🧠 RAG Configuration & Strategies
Configure intelligent search and retrieval for optimal AI responses using advanced RAG strategies
🎯 Overview
Archon's RAG (Retrieval-Augmented Generation) system provides configurable search strategies to optimize how your AI agents find and use information from your knowledge base. This guide covers configuration options and optimization strategies.
Access RAG settings in the Web Interface → Settings → RAG Settings for easy configuration without code changes.

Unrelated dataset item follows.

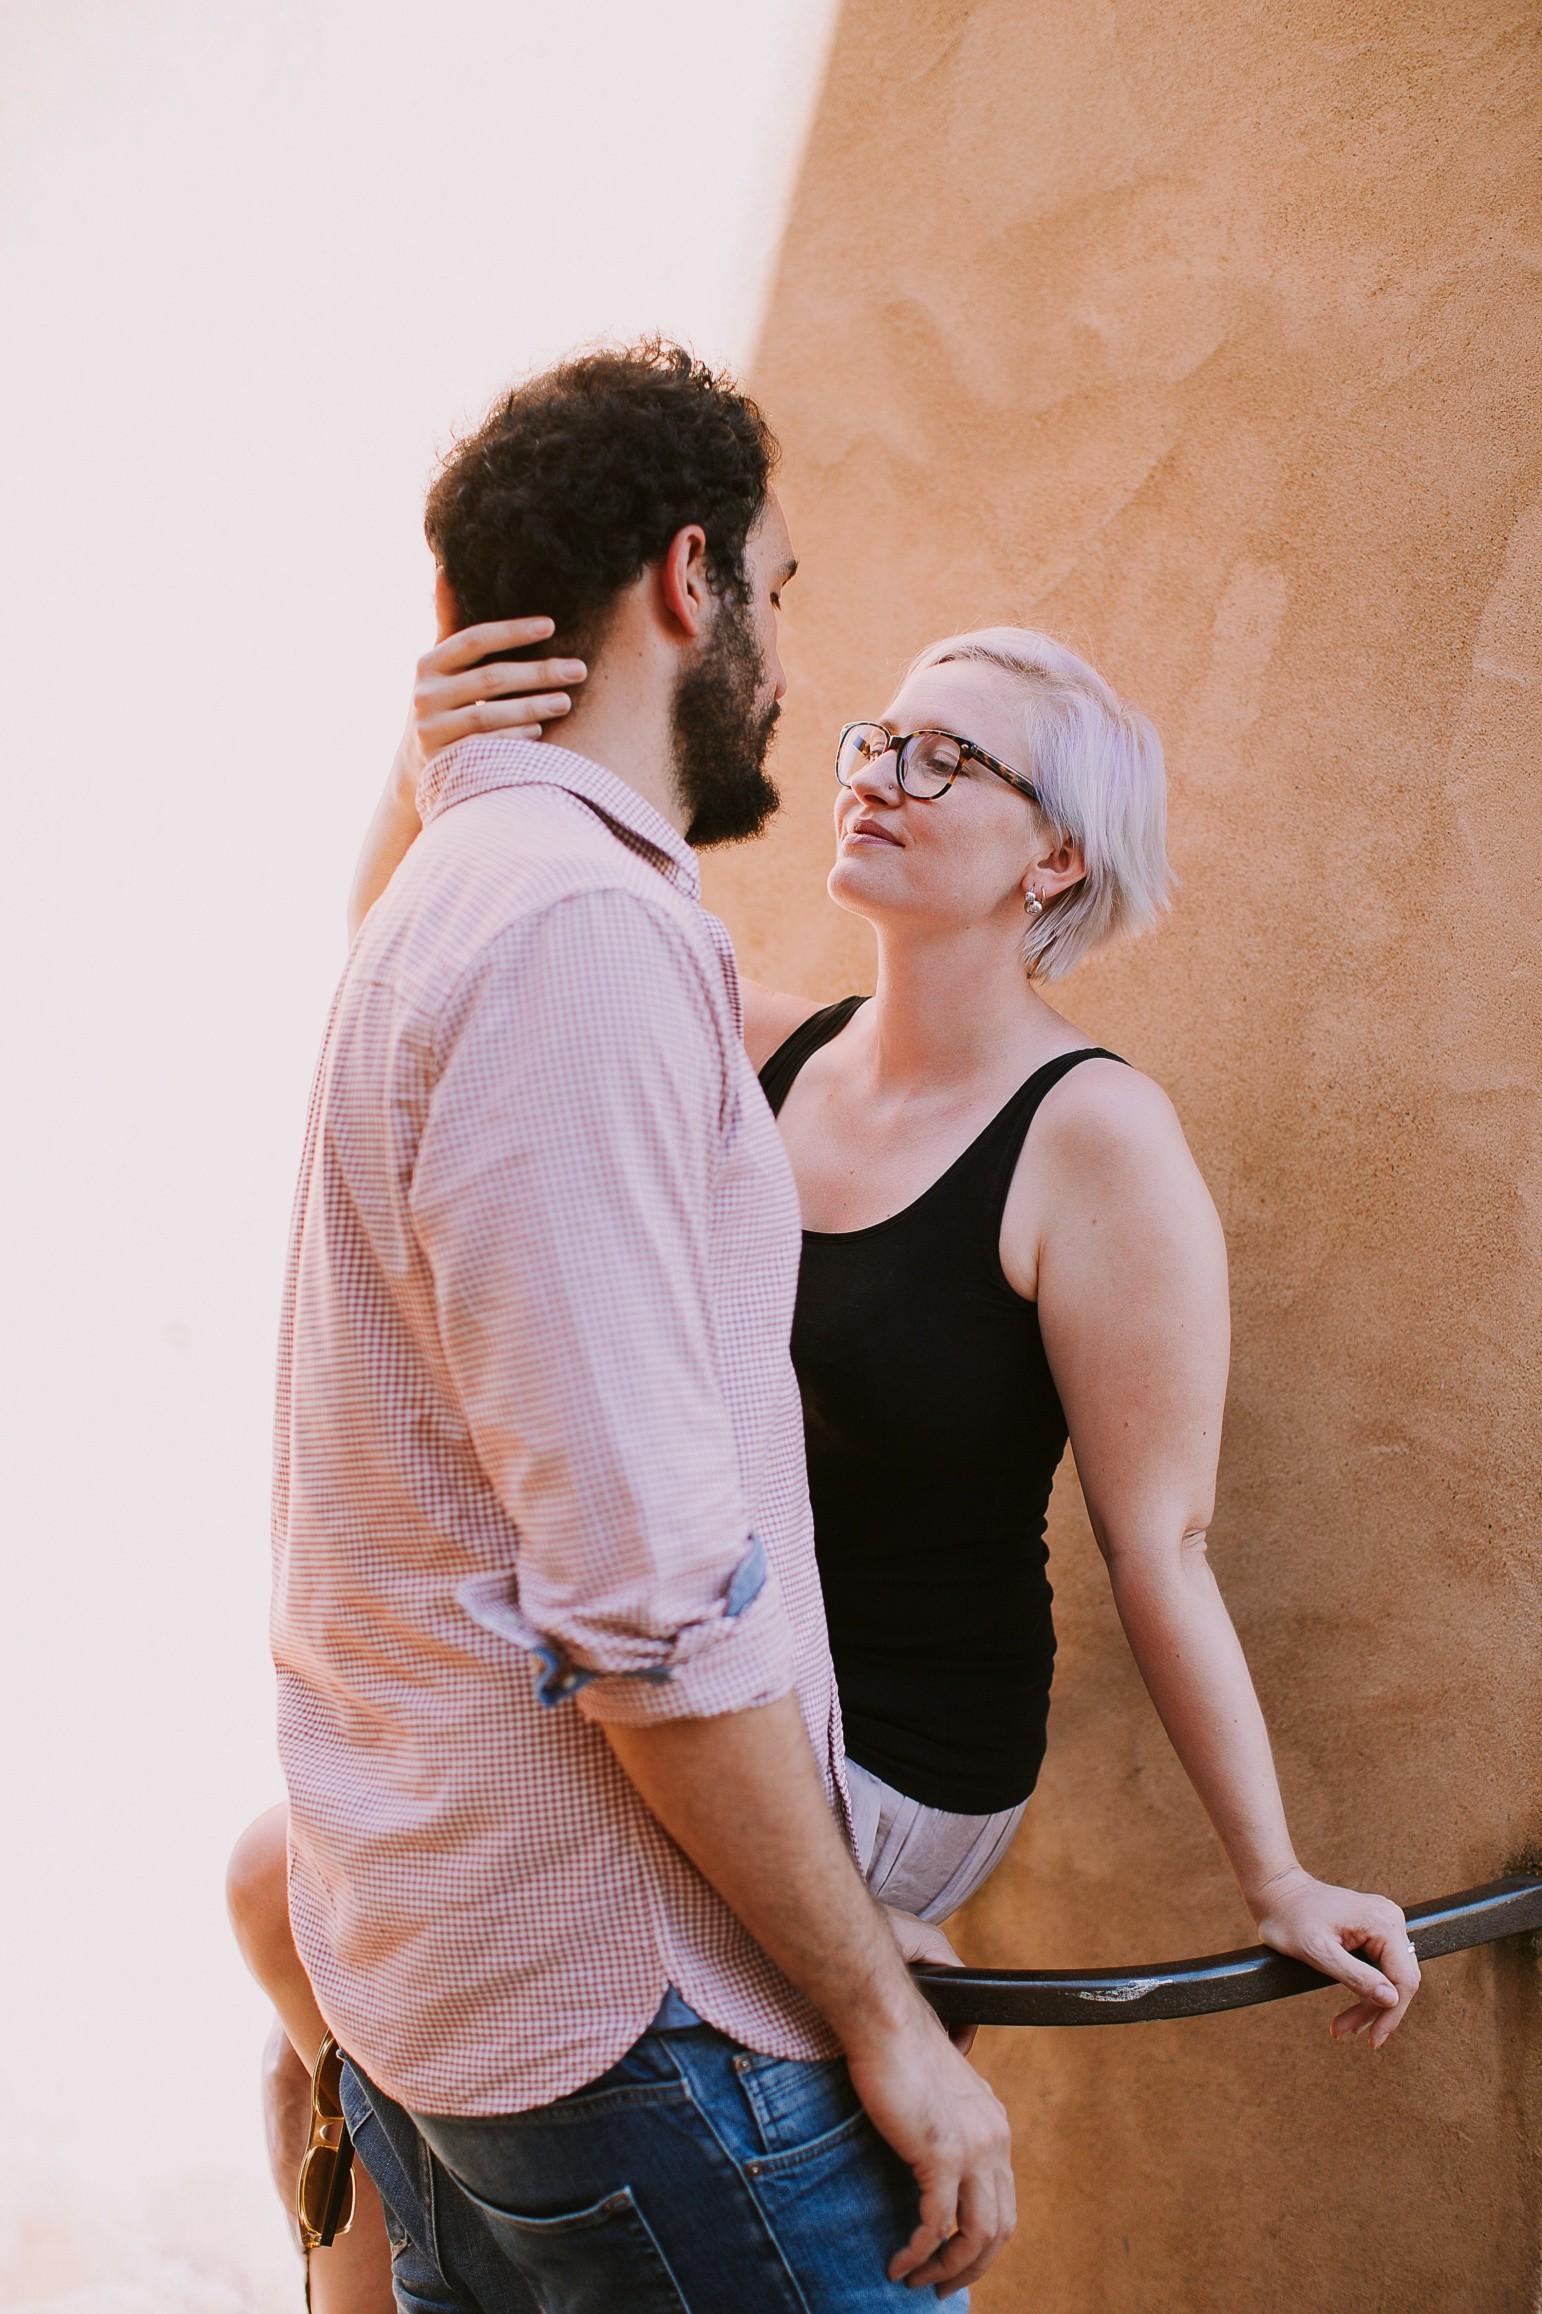 kateryna-photos-mariage-photographe-pornic-bretagne-nantes-couple-engagement-love-story-le-mans-wedding_0198.jpg

🛠️ RAG Configuration Options
Core Settings
| Setting | Description | Default | Impact |
|---|---|---|---|
| MODEL_CHOICE | Chat model for query enhancement | gpt-4o-mini | Response quality |
| EMBEDDING_MODEL | Model for vector embeddings | text-embedding-3-small | Search accuracy |
| LLM_PROVIDER | Provider (openai/google/ollama/) | openai | Model availability |
Advanced Strategies
| Strategy | Purpose | Performance Impact | Use Cases |
|---|---|---|---|
| Contextual Embeddings | Enhanced embeddings with context | +30% accuracy, +2x time | Technical docs, code |
| Hybrid Search | Vector + keyword combination | +20% accuracy, +50% time | Mixed content types |
| Agentic RAG | AI-powered query enhancement | +40% accuracy, +3x time | Complex queries |
| Reranking | AI-powered result reordering | +25% accuracy, +2x time | High-precision needs |
⚙️ Configuration Strategies
1. Basic Configuration (Fastest)
Best for: General documentation, simple queries
# Minimal settings for speed
USE_CONTEXTUAL_EMBEDDINGS=false
USE_HYBRID_SEARCH=false
USE_AGENTIC_RAG=false
USE_RERANKING=false
2. Balanced Configuration (Recommended)
Best for: Most production use cases
# Balanced performance and accuracy
USE_CONTEXTUAL_EMBEDDINGS=true
CONTEXTUAL_EMBEDDINGS_MAX_WORKERS=3
USE_HYBRID_SEARCH=true
USE_AGENTIC_RAG=false
USE_RERANKING=false
3. High-Accuracy Configuration
Best for: Critical applications, complex technical docs
# Maximum accuracy (slower)
USE_CONTEXTUAL_EMBEDDINGS=true
CONTEXTUAL_EMBEDDINGS_MAX_WORKERS=3
USE_HYBRID_SEARCH=true
USE_AGENTIC_RAG=true
USE_RERANKING=true
🔍 RAG Strategies Explained
Contextual Embeddings
Enhances embeddings with surrounding document context
- How It Works
- Configuration
# Standard embedding
"authentication" → [0.1, 0.3, 0.7, ...]
# Contextual embedding (with document context)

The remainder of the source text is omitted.